--- REQUIRED WORK ---
Only the pictures should be left out; write out all other data exactly.

Top of DATA EXTRACT

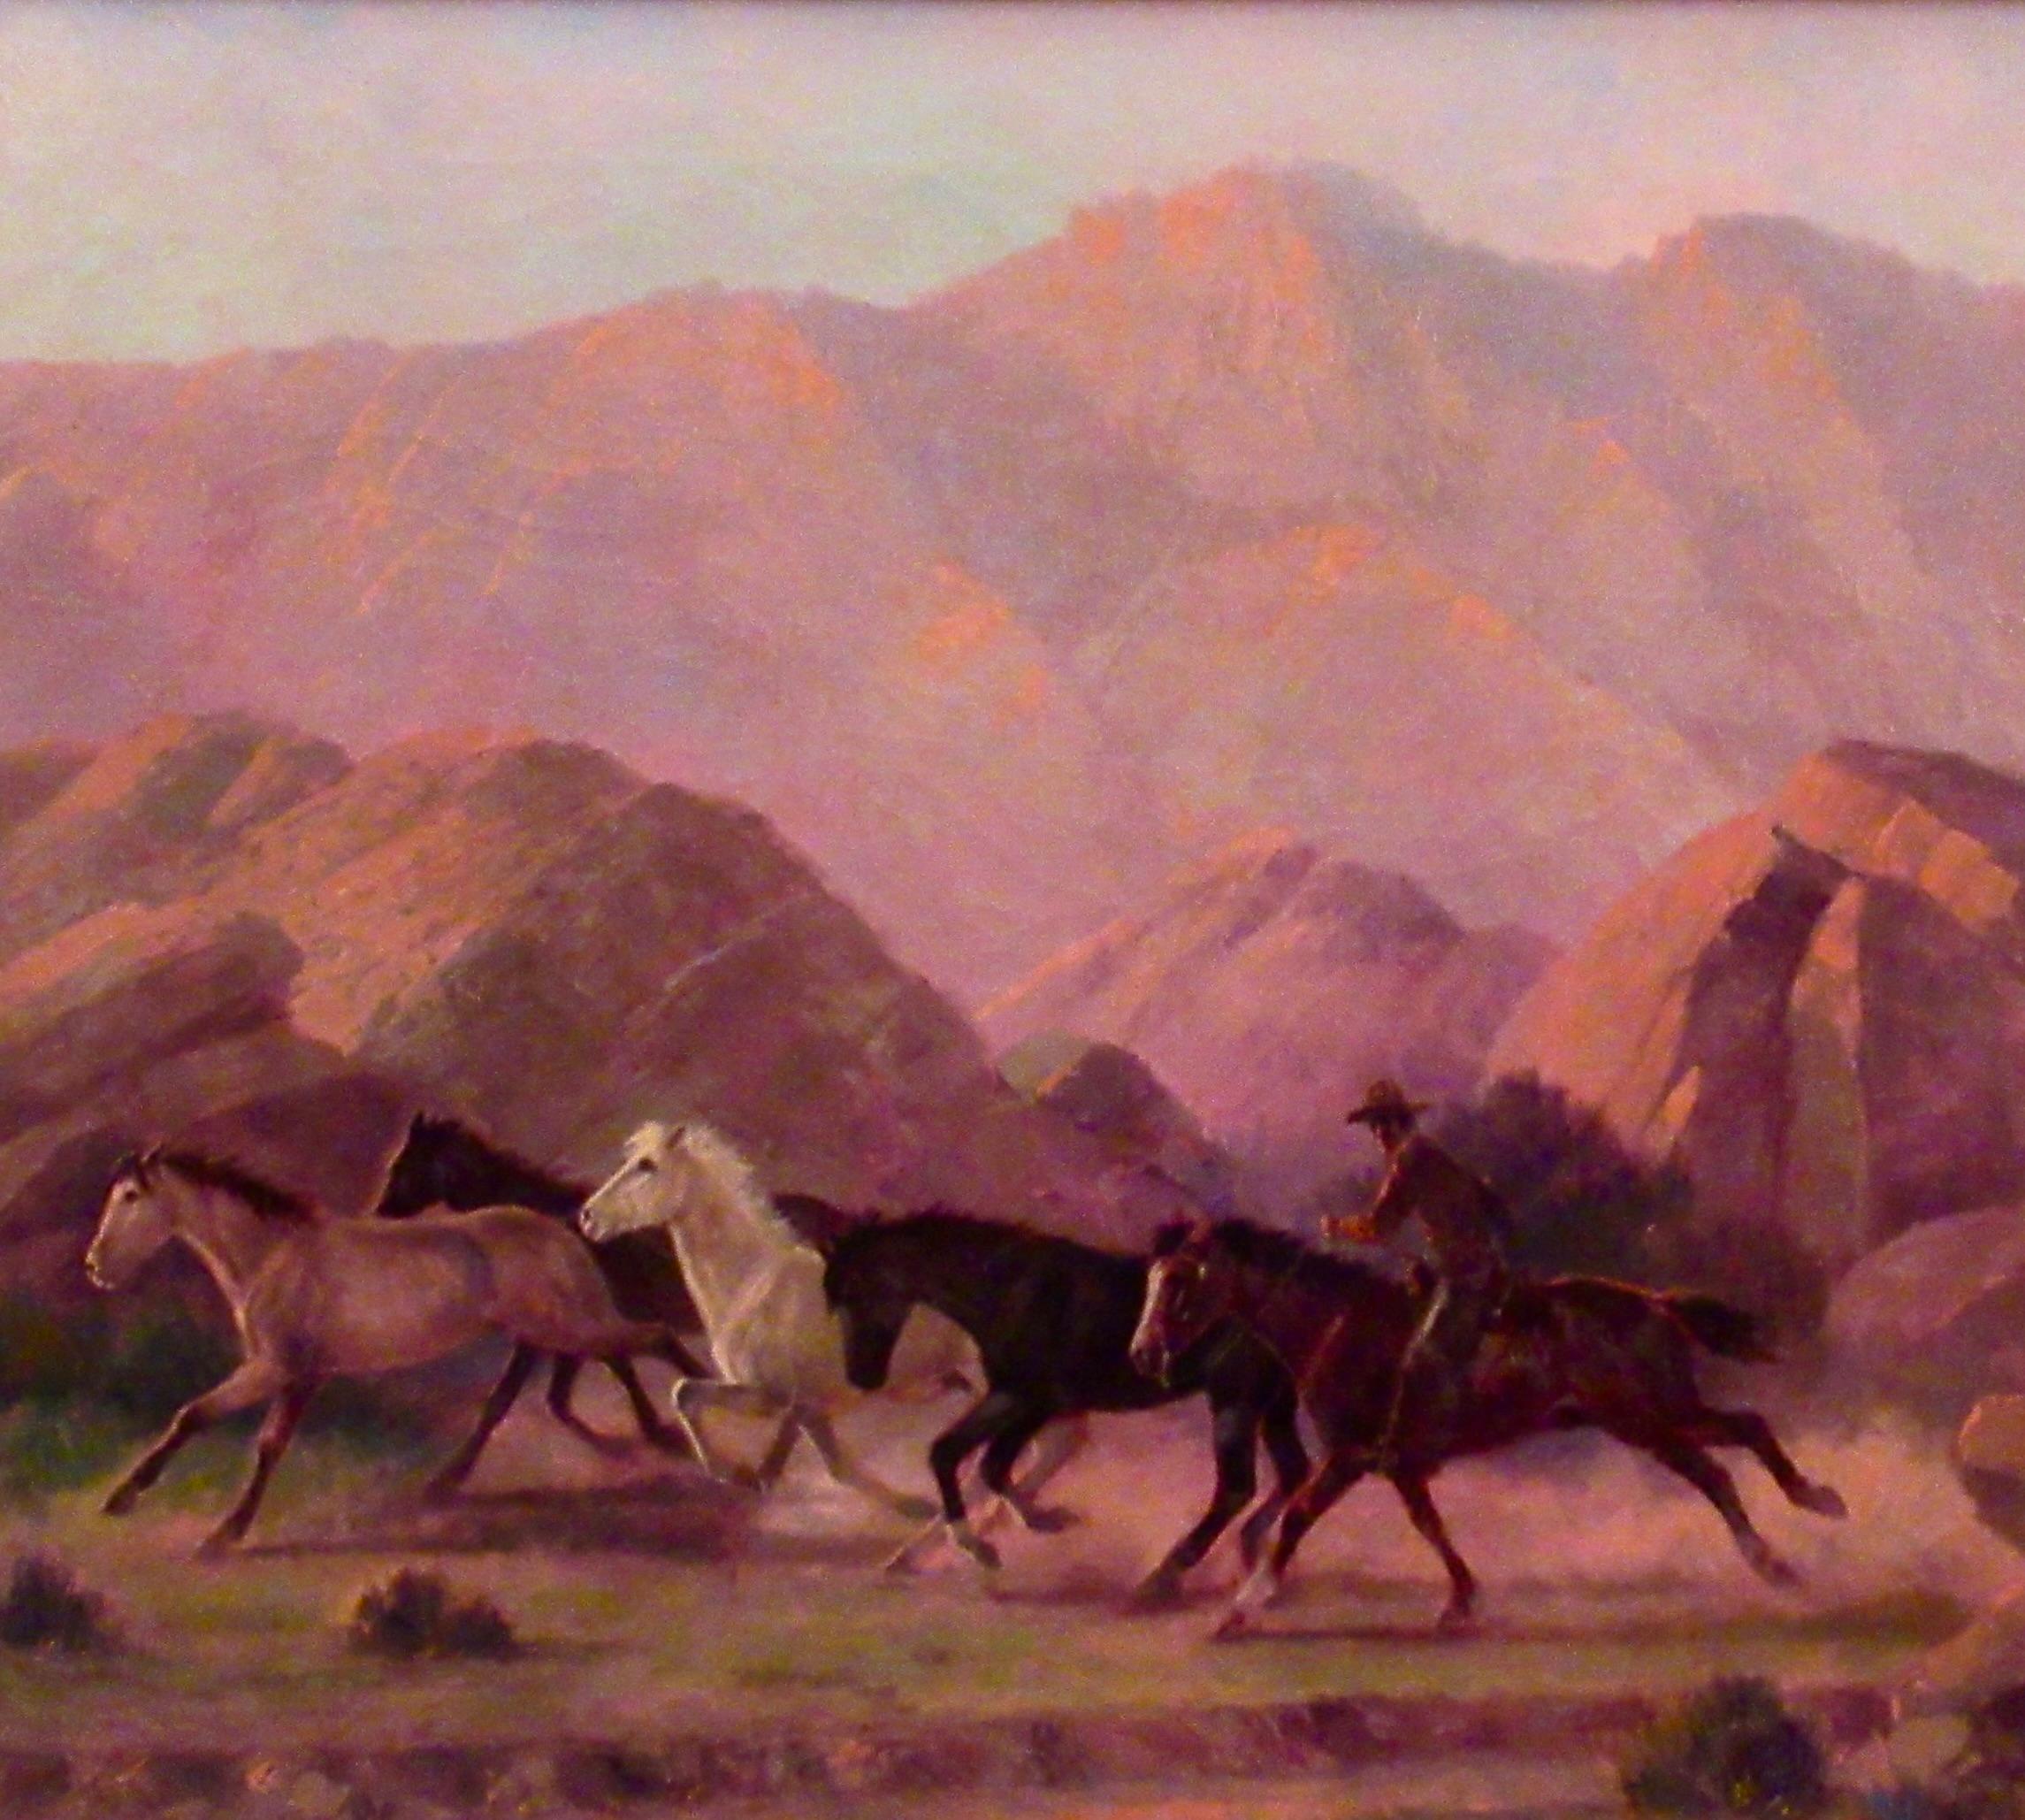 Scène occidentale - Réalisme américain Painting par Charles Damrow
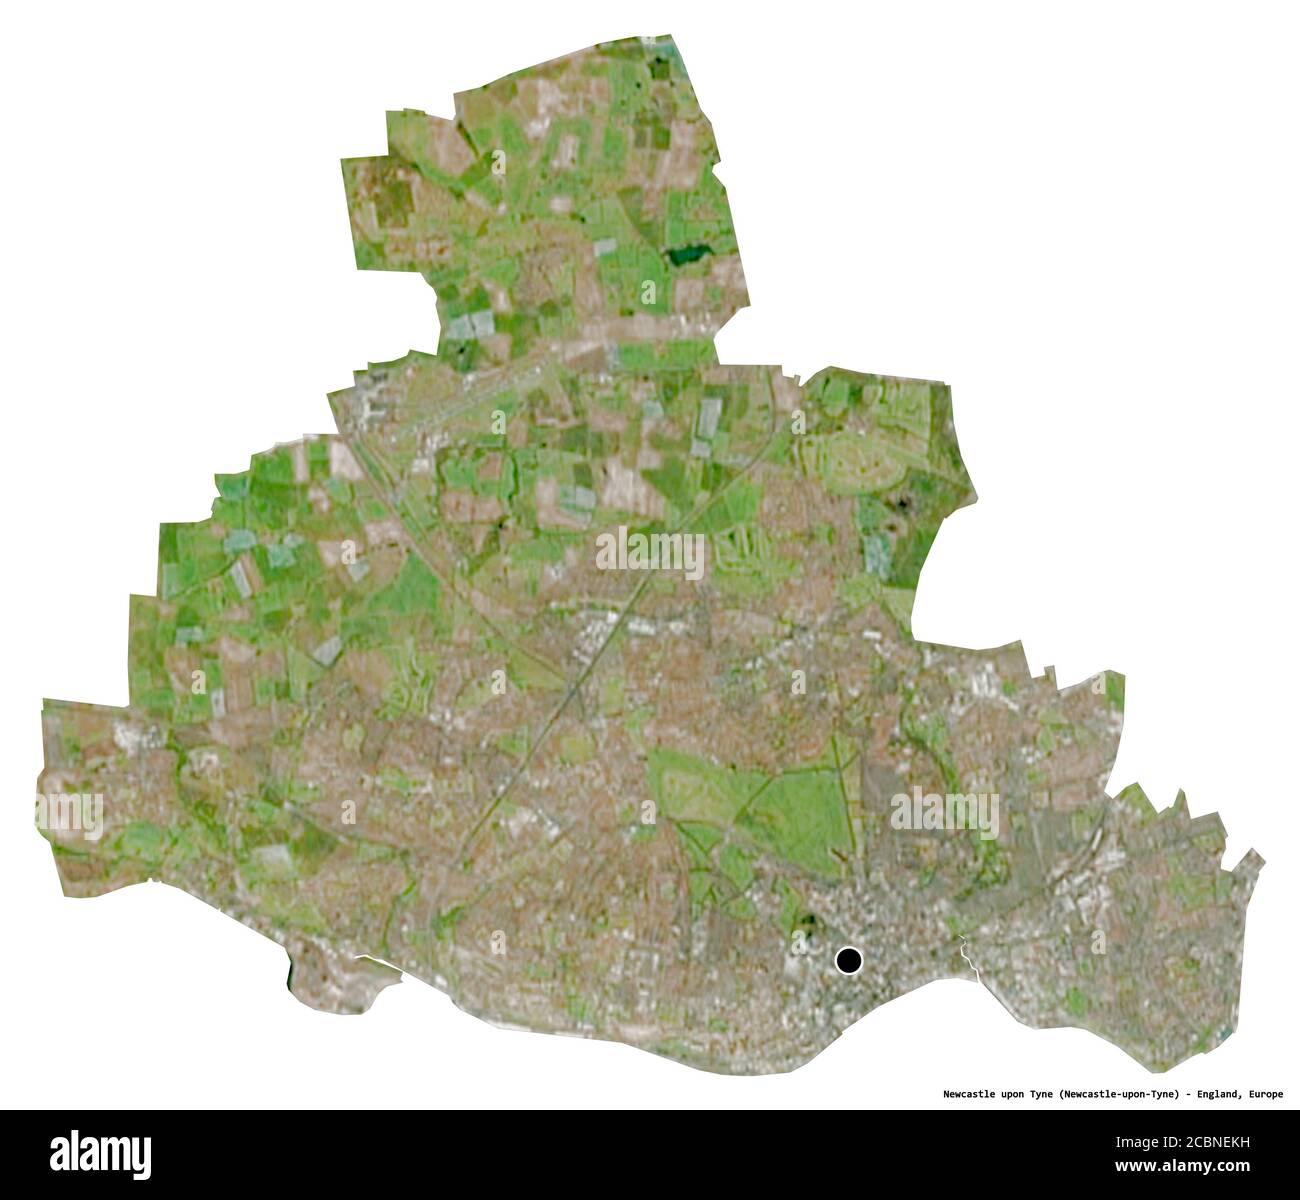 Forme de Newcastle upon Tyne, comté administratif d'Angleterre, avec sa capitale isolée sur fond blanc. Imagerie satellite. Rendu 3D Banque D'Images
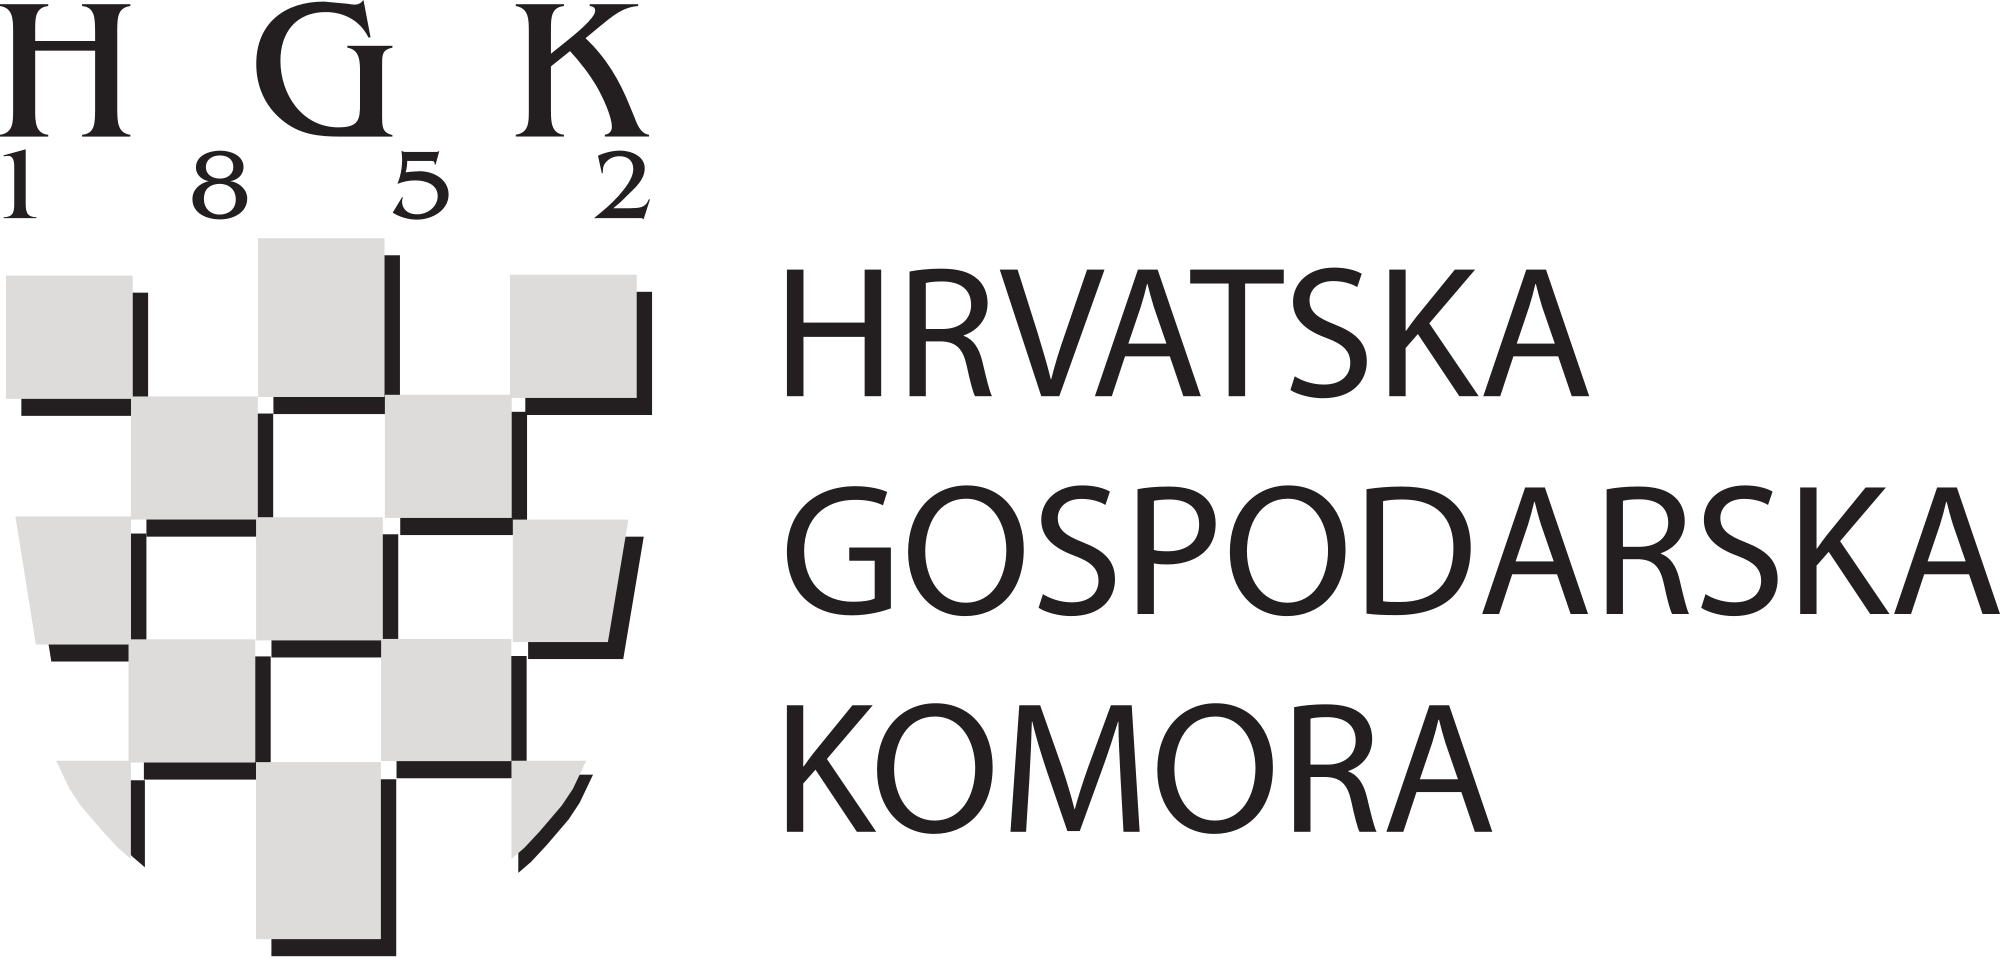 2000px-HGK_Logo.svg.png (113 KB)
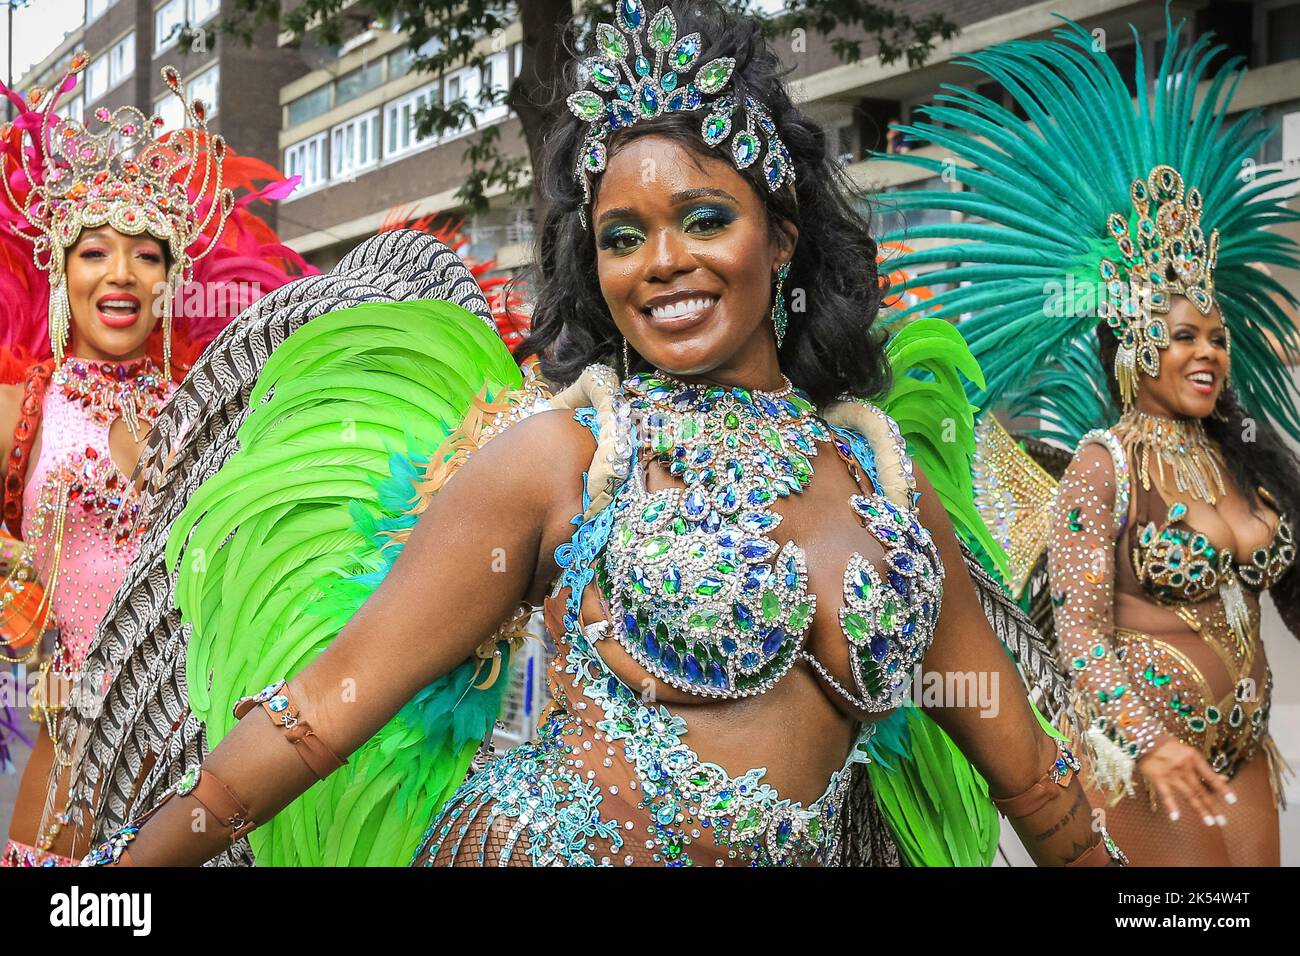 Danseuse de samba sourit en costume étincelant, Notting Hill Carnival, Londres, Royaume-Uni Banque D'Images

Bottom of DATA EXTRACT

--- SOLUTION BELOW ---
 Scène occidentale - Réalisme américain Painting par Charles Damrow
 Forme de Newcastle upon Tyne, comté administratif d'Angleterre, avec sa capitale isolée sur fond blanc. Imagerie satellite. Rendu 3D Banque D'Images
 2000px-HGK_Logo.svg.png (113 KB)
 Danseuse de samba sourit en costume étincelant, Notting Hill Carnival, Londres, Royaume-Uni Banque D'Images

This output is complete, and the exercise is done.